Dataset excerpt →
·····

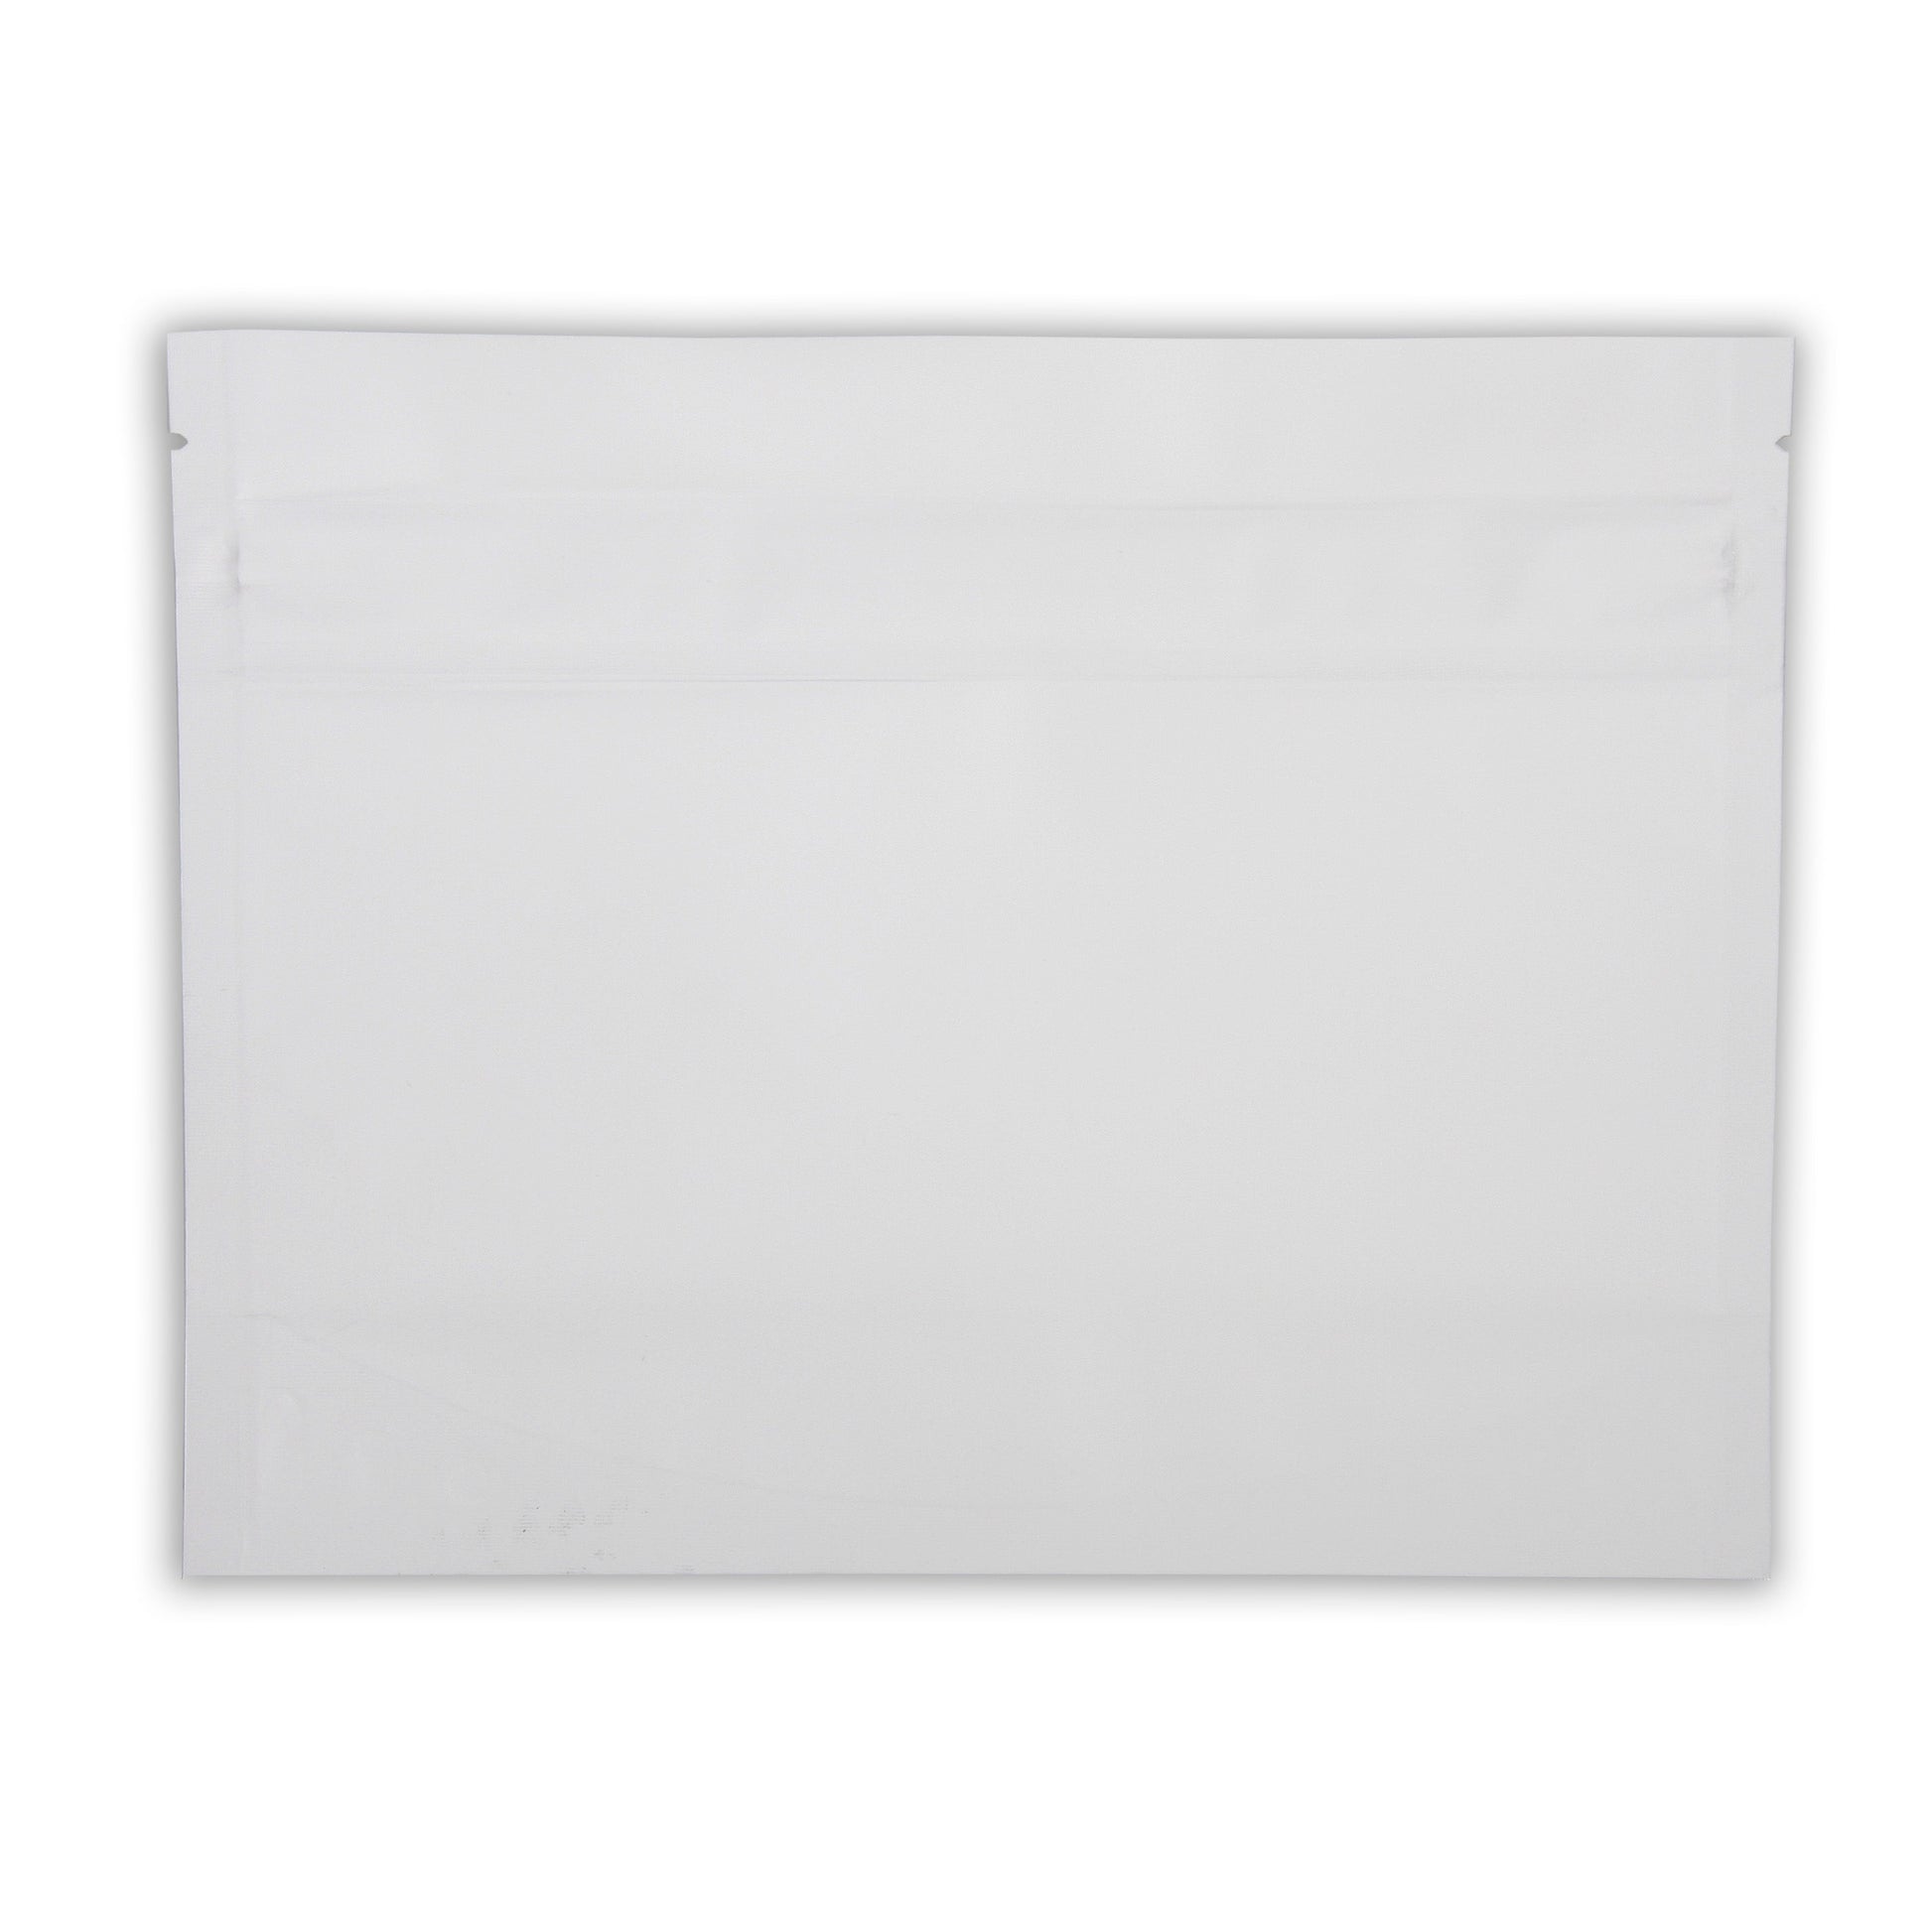 Bag King Child Resistant Opaque Exit Bag (12x9) White
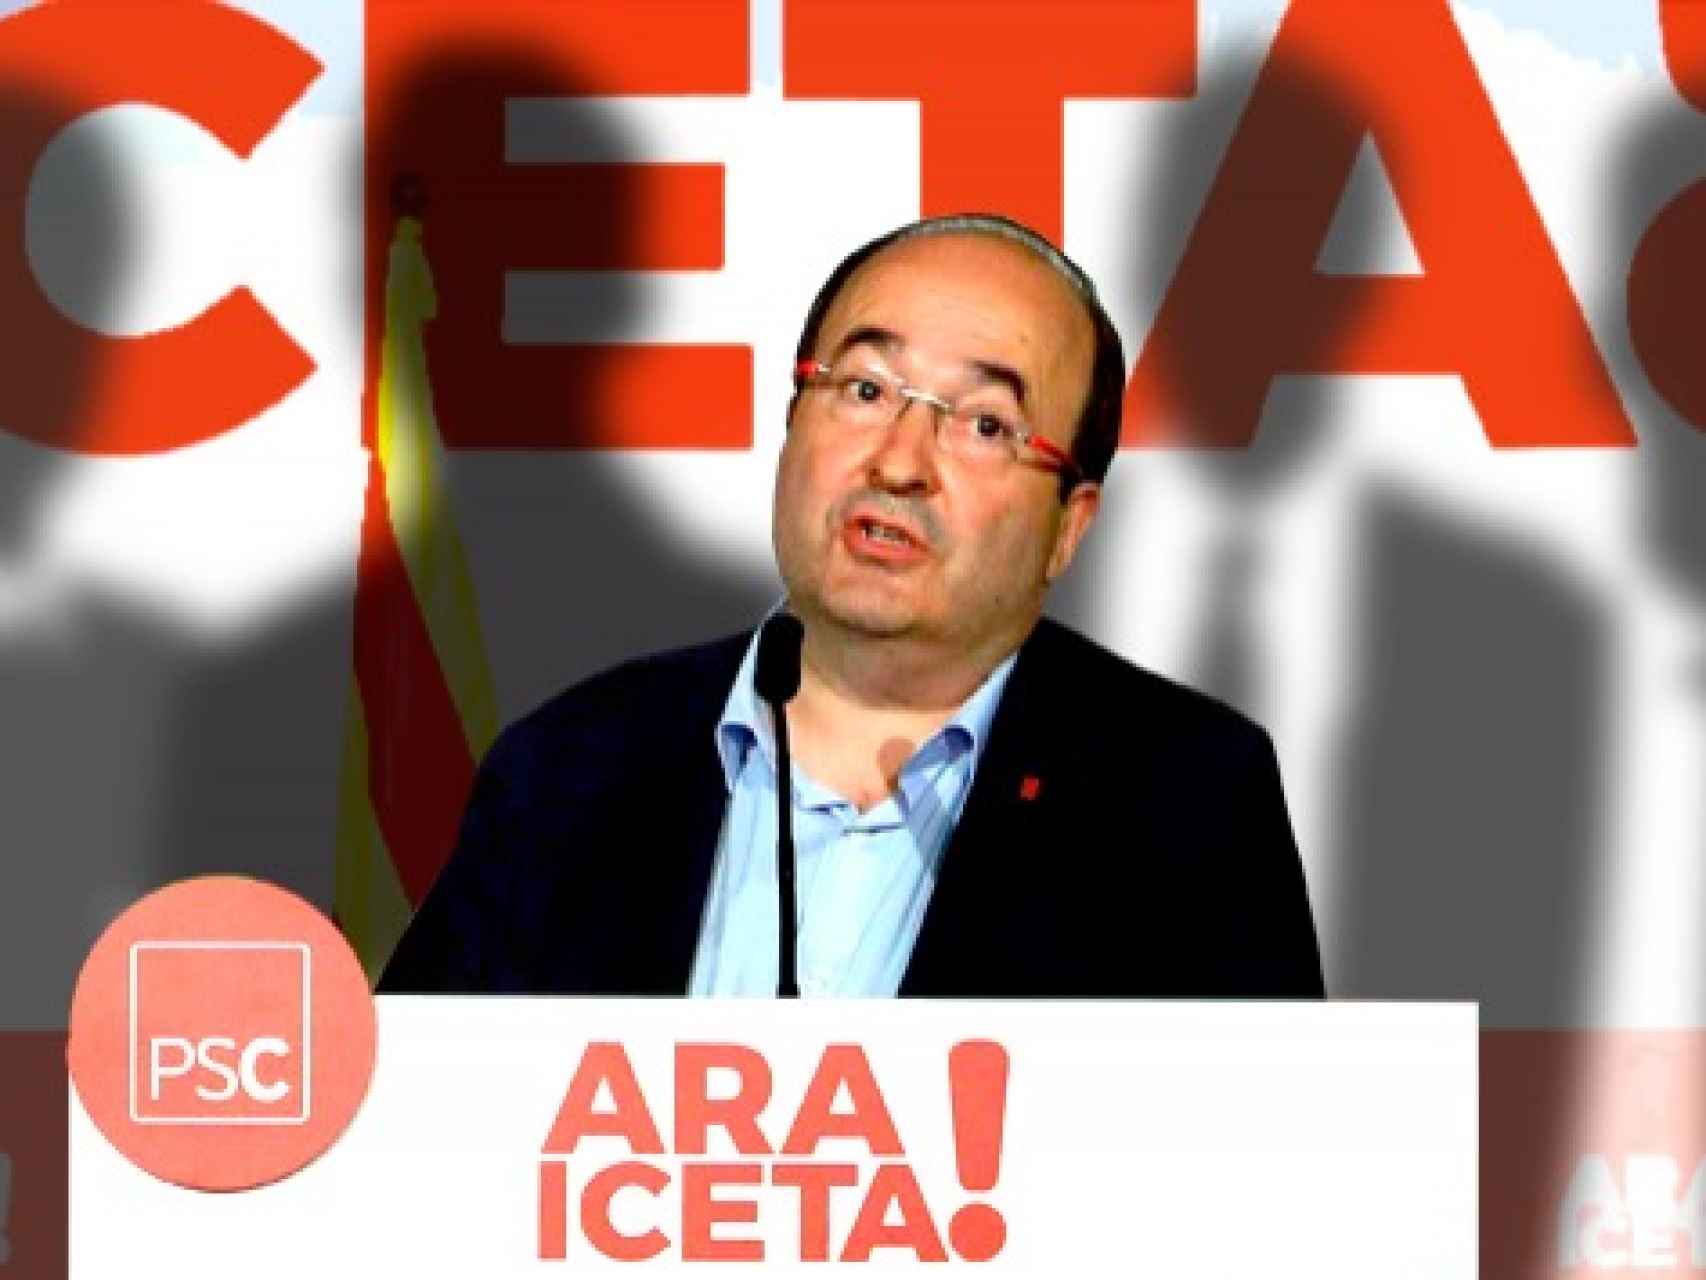 El candidato del PSC, Miquel Iceta.
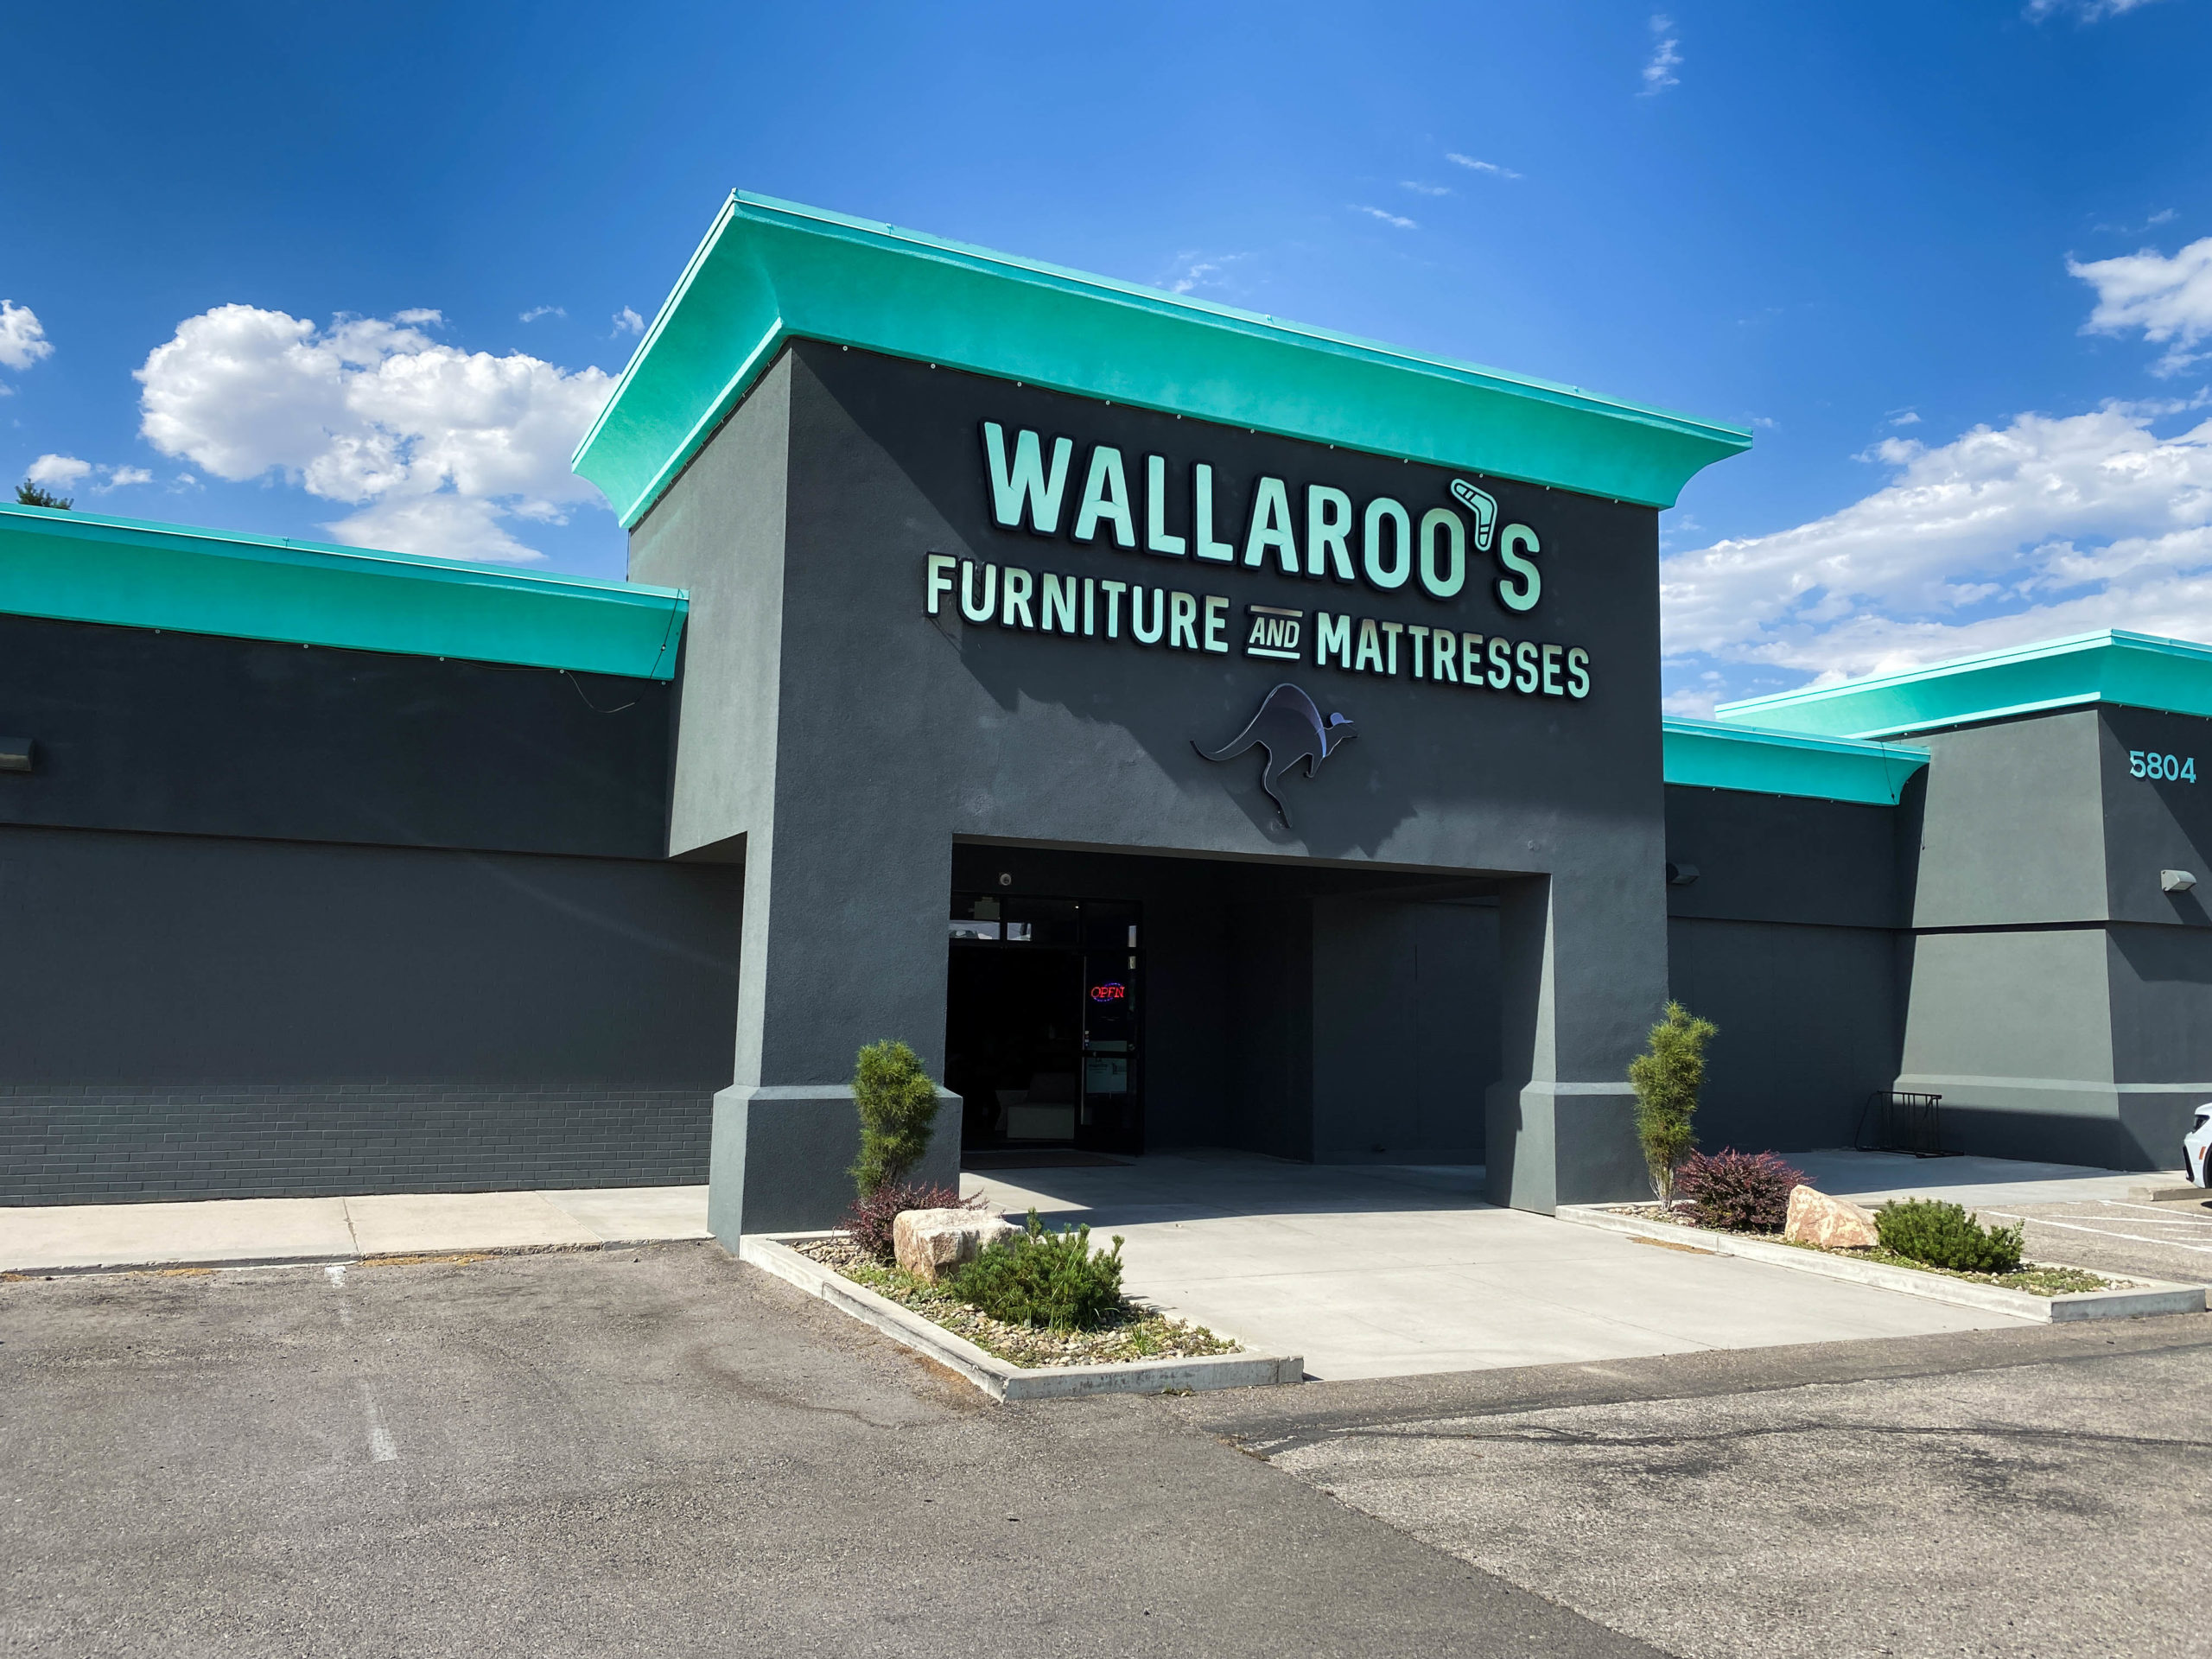 wallaroo's furniture and mattresses boise id 83704

·····

Please give the data above again in exact form and omit every picture.

 Bag King Child Resistant Opaque Exit Bag (12x9) White
 El candidato del PSC, Miquel Iceta.
 wallaroo's furniture and mattresses boise id 83704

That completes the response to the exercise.